Report by Svetlana Yatsyk, PhD-student (Higher School of Economies, Moscow, Russia):

When writing this letter, I am still filled with enthusiasm: the summer school “Performance. History. Art. Culture” in Cluj-Napoca was an intellectual benefit not only for me but also for all the other participants I believe. One rarely experiences such an intense discussion held at the highest level with an enormous variety of topics and problems.

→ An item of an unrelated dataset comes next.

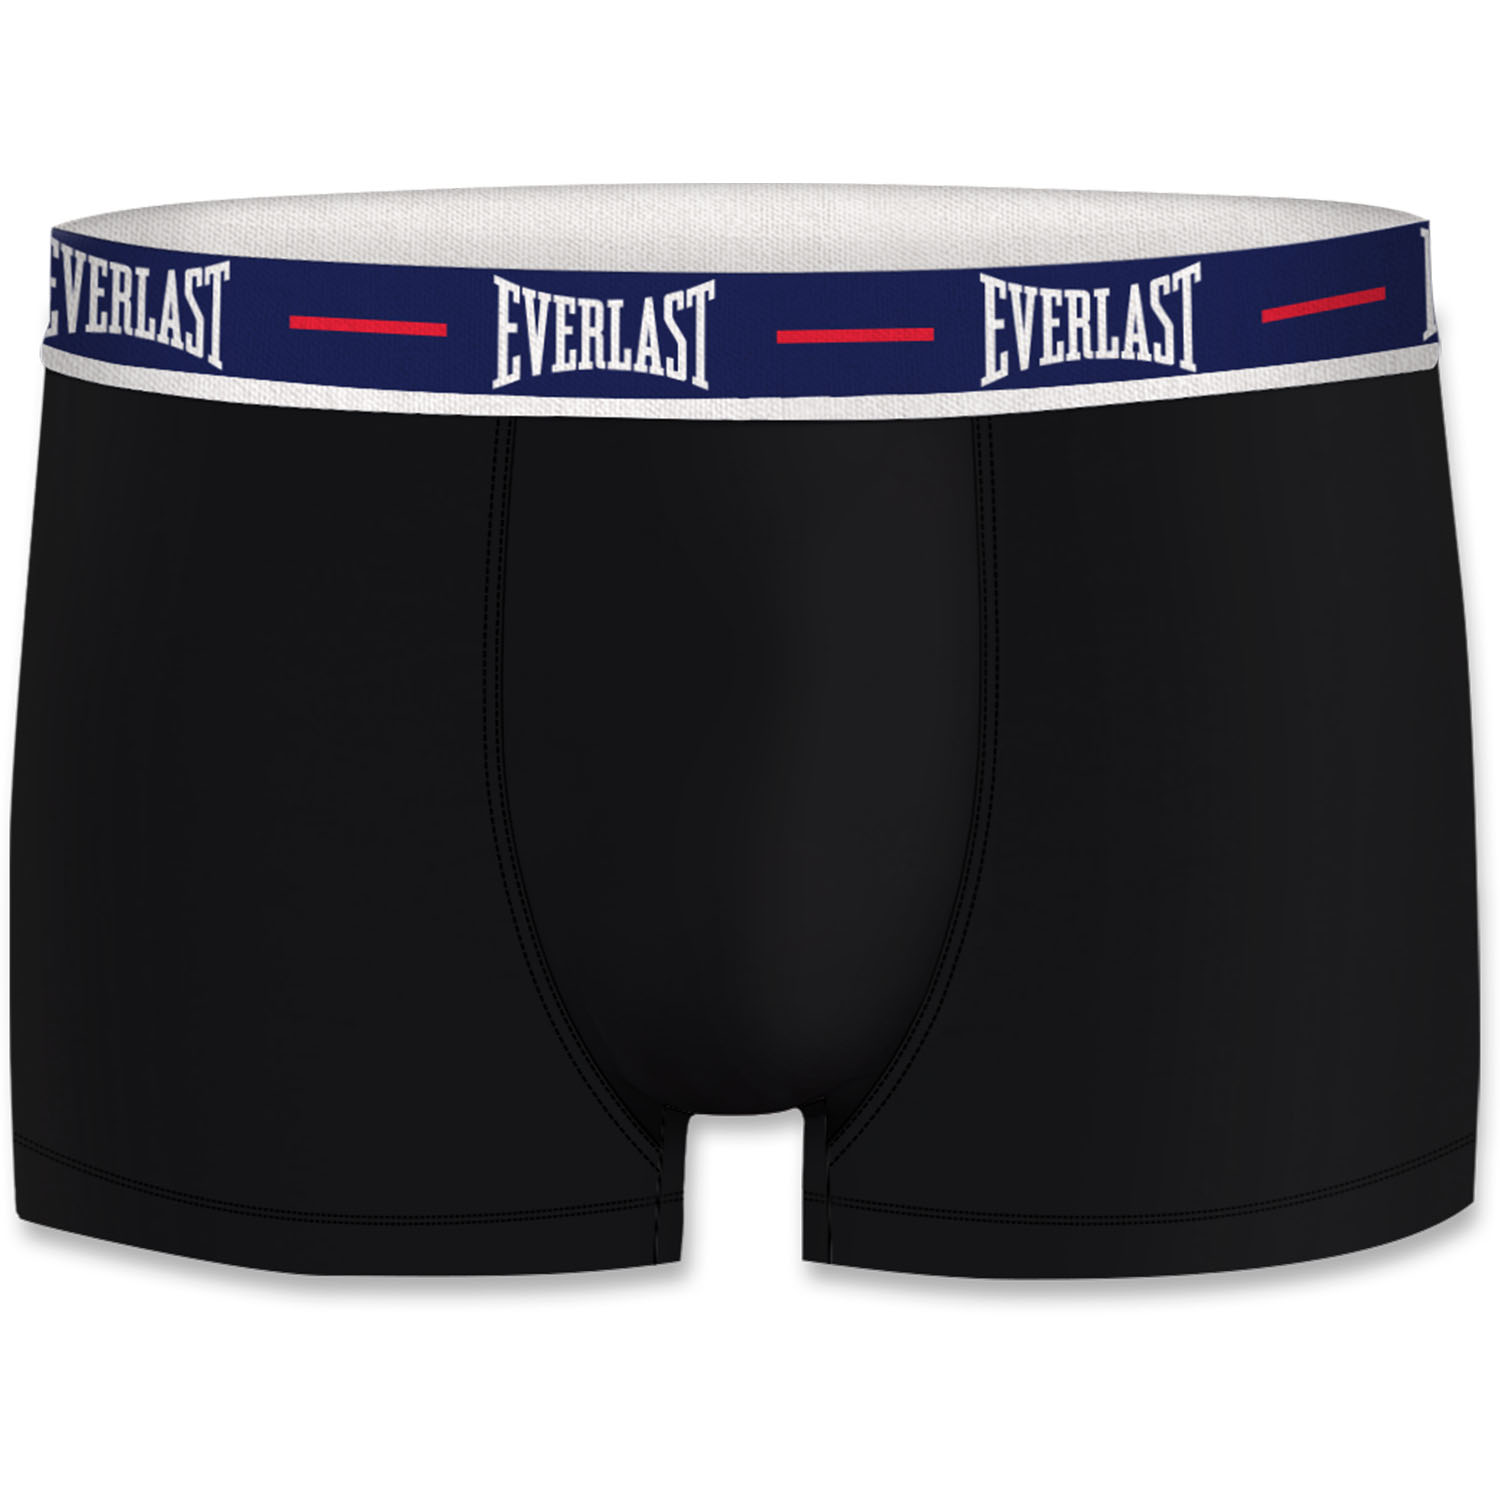 Everlast Boxershorts, AS1, black

It was not the first Summer School of this kind organized by the Graduate School. Last year a similar school focusing on “Area Studies in a Globalized World” was held at the Central European University in Budapest. These schools always take place in Central, Eastern and South-eastern Europe and are carried out in cooperation with local universities. What all these summer schools have in common, is their interdisciplinary approach: both the lectures and the reader cover the main subject of the school from points of view of different social sciences and by the examples of different Eastern and Southeast European regions. Taking place at Cluj-Napoca, a western Romanian city, this year's summer school brought together professors, PhD-students and graduate-students from Berlin, Munich, Krakow, Bucharest, Belgrade, Trier, Regensburg, Moscow, Cluj et al. The very intense schedule of the summer school consisted of a seminar and discussion part in the morning, supplemented by lectures and cultural
activities such as sight-seeing, performances of local artists and meeting with Romanian dissidents in the afternoons. During the seminars we discussed articles that included the classical works on performative studies (“How to do things with words” by John L. Austin and “The Transformative Power of Performance” by Erika Fischer-Lichte) as well as works demonstrating the application of performative approach to highly specialised fields of knowledge such as an article of the performance theorist and theatre director Richard Schechner. Apart from clarification of terms and text critique, the participants were expected to try to apply the introduced method to their own researches. It was not easy sometimes. I for instance, as a person working with legal documents and reflecting the procedure of canonization, had never thought about exploiting the performative approach in my work. But during the summer school I gained an intellectually enriching experience that prompted me to engage with research far from my own
field of experience, to place my work within a comparative context and to direct attention to the liturgical aspects
of canonization. Another strength of the summer school was that it gave its participants the possibility to deeply engage with scholars and young researchers from a great variety of fields of expertise and several different countries. The interdisciplinary character of the school resulted particularly valuable. I am sure that this experience broadened and refined my view on performative methodologies and strategies of research, their advantages as well as their limits. Finally I would like to warmly thank the organizers for the excellent Summer School. The management was outstanding and the hospitality shown to us was more than generous. I felt very welcomed and I enjoyed both the intense work at the school and the excursions. I consider this meeting a precious opportunity in my academic career and a very promising starting point for further collaborations.